Three weeks turned into three years, and when he wasn't hanging
around movie sets, he paid the bills by parking cars at the Beverly Hills
Hotel. He earned his first break at Roger Corman's New World
Pictures, where he worked as a set dresser and eventually won a small
role in Crazy Mama (1975). Convinced that he would get more work
with the benefit of a few acting lessons, Paxton relocated to the East
Coast to study acting under famed drama coach Stella Adler, at New
York University.
When he returned to the West Coast, Paxton's career began to
take shape, with eleven appearances on the silver screen between 1981
and 1986. Following a string of bit parts in critically lauded films (The
Lords of Discipline, Streets of Fire, The Terminator), he landed
major supporting roles in back-to-back movies playing soldier-types: in
Weird Science, he appeared as the sadistic, paramilitary brother of the
nerdy protagonist; in Aliens, he portrayed a rowdy, gun-toting space
marine. You'd think he would have had plenty to do making movies, but
during this same period, Paxton wrote, directed, and produced two
award-winning short films, and cut an album as half of the rock group
Martini Ranch. All that, and he still found time to woo and marry Louise
Newbury, whom he met in London in 1982.
Although he continued to take supporting roles in mainstream
action flicks, Paxton defied typecasting by simultaneously appearing in
offbeat, independent productions: he played a boozy vampire with a
weakness for fast cars in Near Dark; he locked lips with a corpse for
The Dark Backward; and he wowed the critics with a rare starring role
as One False Move's flamboyant hick sheriff, Dale "Hurricane" Dixon.

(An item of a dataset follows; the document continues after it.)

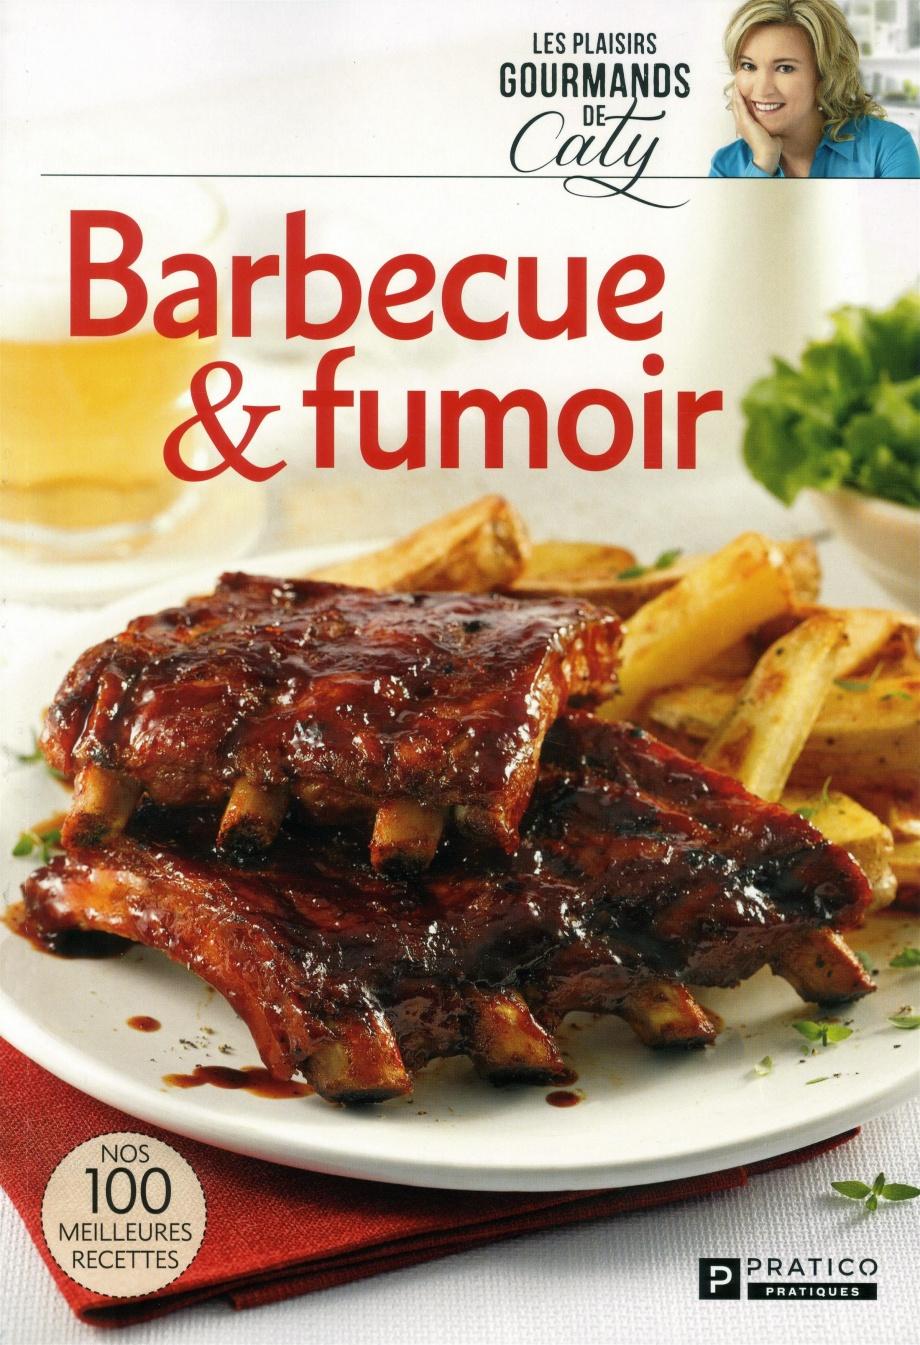 barbecue et fumoir par caty b rub cuisine bbq plancha cuisine d 39 t. Black Bedroom Furniture Sets. Home Design Ideas

Portraying weirdos may well have solidified his reputation as a gifted
actor, but it was Paxton's ability to play straight-shooters that finally
blew his career potential wide open. Offers began pouring in after his
earnest turn as astronaut and family man Fred Haise in Apollo 13.
Paxton knew exactly what he wanted to do after Apollo 13
touched down, and he took pains to be uncommonly prepared for his
meeting with Twister director Jan De Bont by paying a visit to the grave
of Buster Keaton. Whatever Buster had to say must have been good
advice--Paxton landed a role in what turned out to be one of the biggest
moneymakers in the history of cinema. But don't think that fame has
spoiled Paxton; heck, it hasn't even gotten his name right. Twister was
still tearing through theatres across the land when he made an
appearance at the premiere of Independence Day, where a reporter
asked him what it felt like to be the star of the two blockbuster hit
movies of the summer. It seems Paxton is frequently mistaken for that
other Bill, ID4's alien-battling president, Bill Pullman. But Paxton will go
a long way towards rectifying this case of mistaken identity in an
upcoming string of romantic lead assignments: he mixes it up with Shirley
MacLaine in the big-screen adaptation of Larry McMurtry's The
Evening Star; he falls hard for newcomer Julianna Margulies in the
upcoming Traveler, which also marks his feature-film-producing debut;
and he pairs with oft-corseted Kate Winslet for James Cameron's
Titanic, due to arrive in theatres in 1997.